Assume the energy of the particle is in the range 0 < E < V

Find the energy eigenfunctions and the equation that determines the energy eigenvalues. Don't worry about normalizing the eigenfunctions.

Homework Equations

The Attempt at a Solution

I believe I've found the equation for the energy eigenvalues...
in the region 0 < x < L the wave equation has the form:
\psi_1(x) = e^{ikx} + Be^{-ikx} where k = \sqrt{2mE}/\hbar
for L < x < 2L, the wave equation is:
\psi_2(x) = Ce^{-qx} + De^{qx} where q = \sqrt{2m(E-V)}/\hbar

$\psi_1$ and $\psi_2$ are not wave equations; they're solutions to the wave equation.

Since E<V and you want q to be real, it should be $q = \sqrt{\frac{2m(V-E)}{\hbar^2}}.$

applying the boundary condition \psi_1(x=0) = 0,
I find B = -1 and the wave equation can be rewritten and simplified as \psi_1(x) = A&#039; sin(kx)
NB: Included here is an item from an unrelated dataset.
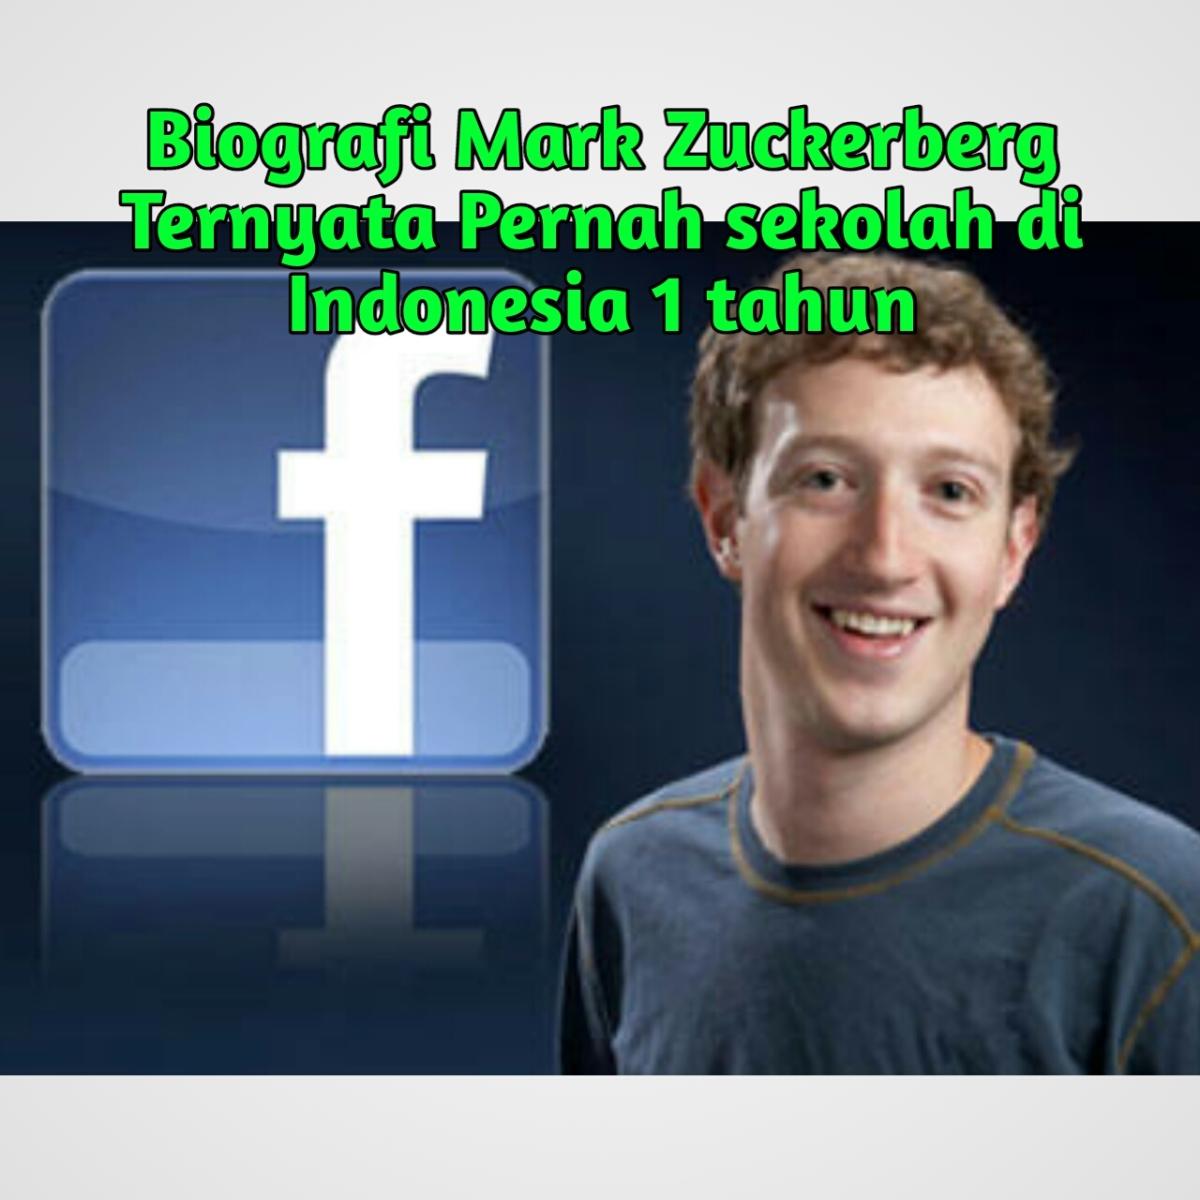 Biografi Singkat Mark Zuckerberg -Penemu Facebook -Pencipta Facebook -Pendiri Facebook -Pembuat Facebook

applying the boundary condition \psi_2(x=2L) = 0,
I find D = -C e^{-4qL} and the wave equation can be simplified to \psi_2(x) = C&#039; sinh[q(x-2L)]

Now, equating these two equations at x = 0 and their derivatives at x=L, and then dividing the two results gave me a solution i can use to solve for E, the energy eigenstates: q tan(kL) = -k tanh(qL)

But now, I'm not sure how to go about finding the energy eigenfunctions... For the plain infinite well, it was easy because you just had one equation, sin(something) = 0 , so something = n*pi. Then you just rewrote the equation with n in it...
I'm thinking this involves another application of the boundary conditions, but I don't see how quantized energy functions will arise from equating my solutions at x = L...

You've found them for the most part. You have
$$\psi(x)=\begin{cases}
A' \sin kx & 0 \le x \le L \\
C' \sinh q(x-2L) & L < x \le 2L
\end{cases},$$ where $k$ and $q$ satisfy the relationship you found above. You also have $k^2+q^2 = k_0^2$ where $k_0^2 = \frac{2mV}{\hbar^2}.$ You can't solve for $k$ and $q$ exactly. You should write C' in terms of A'.

 

[deedsy]

$\psi_1$ and $\psi_2$ are not wave equations; they're solutions to the wave equation.

Since E<V and you want q to be real, it should be $q = \sqrt{\frac{2m(V-E)}{\hbar^2}}.$

You've found them for the most part. You have
$$\psi(x)=\begin{cases}
A' \sin kx & 0 \le x \le L \\
C' \sinh q(x-2L) & L < x \le 2L
\end{cases},$$ where $k$ and $q$ satisfy the relationship you found above. You also have $k^2+q^2 = k_0^2$ where $k_0^2 = \frac{2mV}{\hbar^2}.$ You can't solve for $k$ and $q$ exactly. You should write C' in terms of A'.

thanks vela - Just to make sure I understand what is going on in this problem: so to find the different energy eigenfunction equations for the different energy states, I solve my energy eigenvalue equation for E (my book uses a plotting and intersection method for the infinite square well), the number of intersections = my number of different every states? So the energy eigenfunction equations would all be the same except substituting in the different E values for each one? And these energy eigenfunction equations take two different forms over the two regions - before and in the potential well?

Other than that, once I clean up my two equations writing C' in terms of A' and relating k and q, that should just be the answer.

 

[vela]

That's correct.

 

[deedsy]

great- thanks